6. Government and Development Funds
  • Public Venture Capital Funds: Some governments establish funds to invest in startups and promote innovation, often with a focus on specific sectors or regions. (examples British Business Bank and BPIFrance)
  • Development Finance Institutions (DFIs): These are government-backed entities that invest in venture capital to promote economic development in emerging markets. (examples World Bank IFC (USA) and European Investment Bank)
7. Family Offices

Family Investment Vehicles: Wealthy families often create single or multiple family offices that invest directly in venture capital opportunities, either through direct investments or by committing capital to funds.
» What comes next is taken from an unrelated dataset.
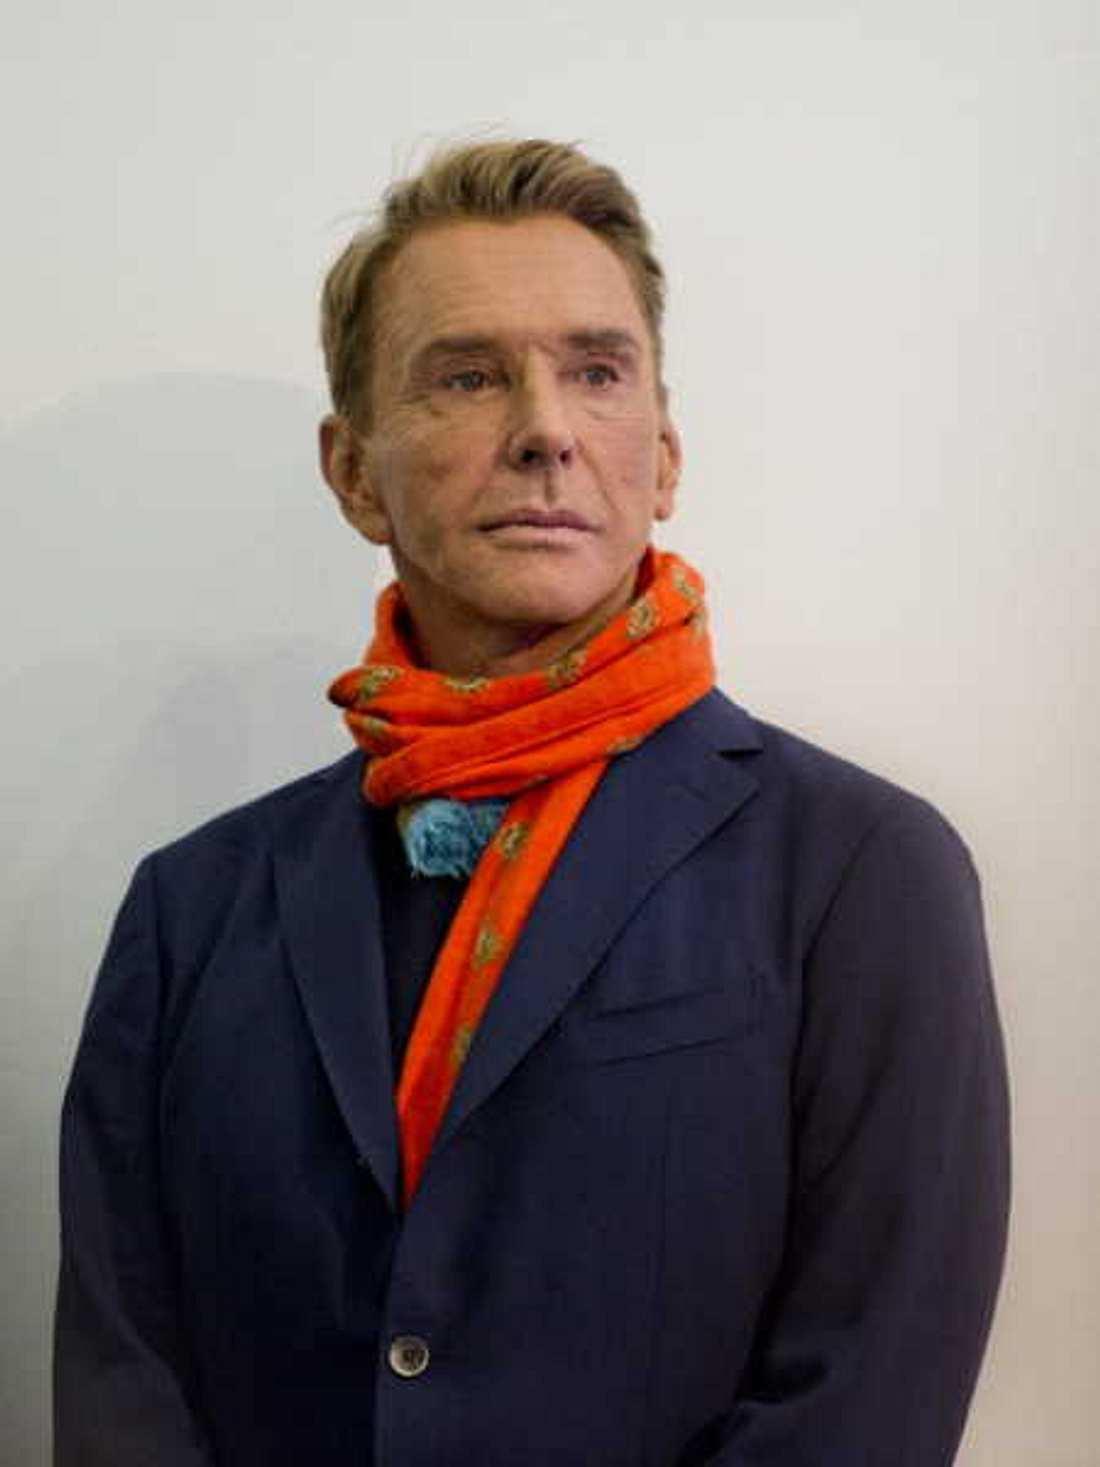 Wolfgang Joop trauert um seinen Hund Lottchen

8. Institutional Investors

Pension Funds and Endowments: These entities often allocate a portion of their portfolios to venture capital funds, either directly or through fund-of-funds structures depending on their local regulation and mandates. In South Africa Regulation 28 of the Pension Fund governs such investments along with the Rules and the Investment Policy Statement.

9. Fund-of-Funds

Venture Capital Fund-of-Funds: These funds invest in a portfolio of venture capital funds rather than directly in startups, providing diversification for investors. The idea is to invest with managers with successful track records.

10. Crowdfunding Platforms

Equity Crowdfunding: Platforms that allow individual investors to invest small amounts in startups in exchange for equity, democratizing access to venture capital investments.

11. Corporate Venture Capital

Corporations investing in startups and innovative technologies have become prominent in USA (eg Google, Intel, Salesforce and GM) , Germany (BMW, Bosch, Siemens), UK (Barclays, Vodaphone, Unilever). France (Total, Orange, Loreal) , India, Japan, China, South Korea to name a few…

Conclusion

Different jurisdictions have different regimes for Private Equity and Venture Capital. Emerging markets, being newer, are adopting various structures from Development Markets. The choice of structure for venture capital investment depends on various factors, including regulatory considerations, tax implications, investor preferences and the specific goals of the investment vehicle. Each structure has its advantages and disadvantages and investors should carefully consider these when deciding how to participate in venture capital.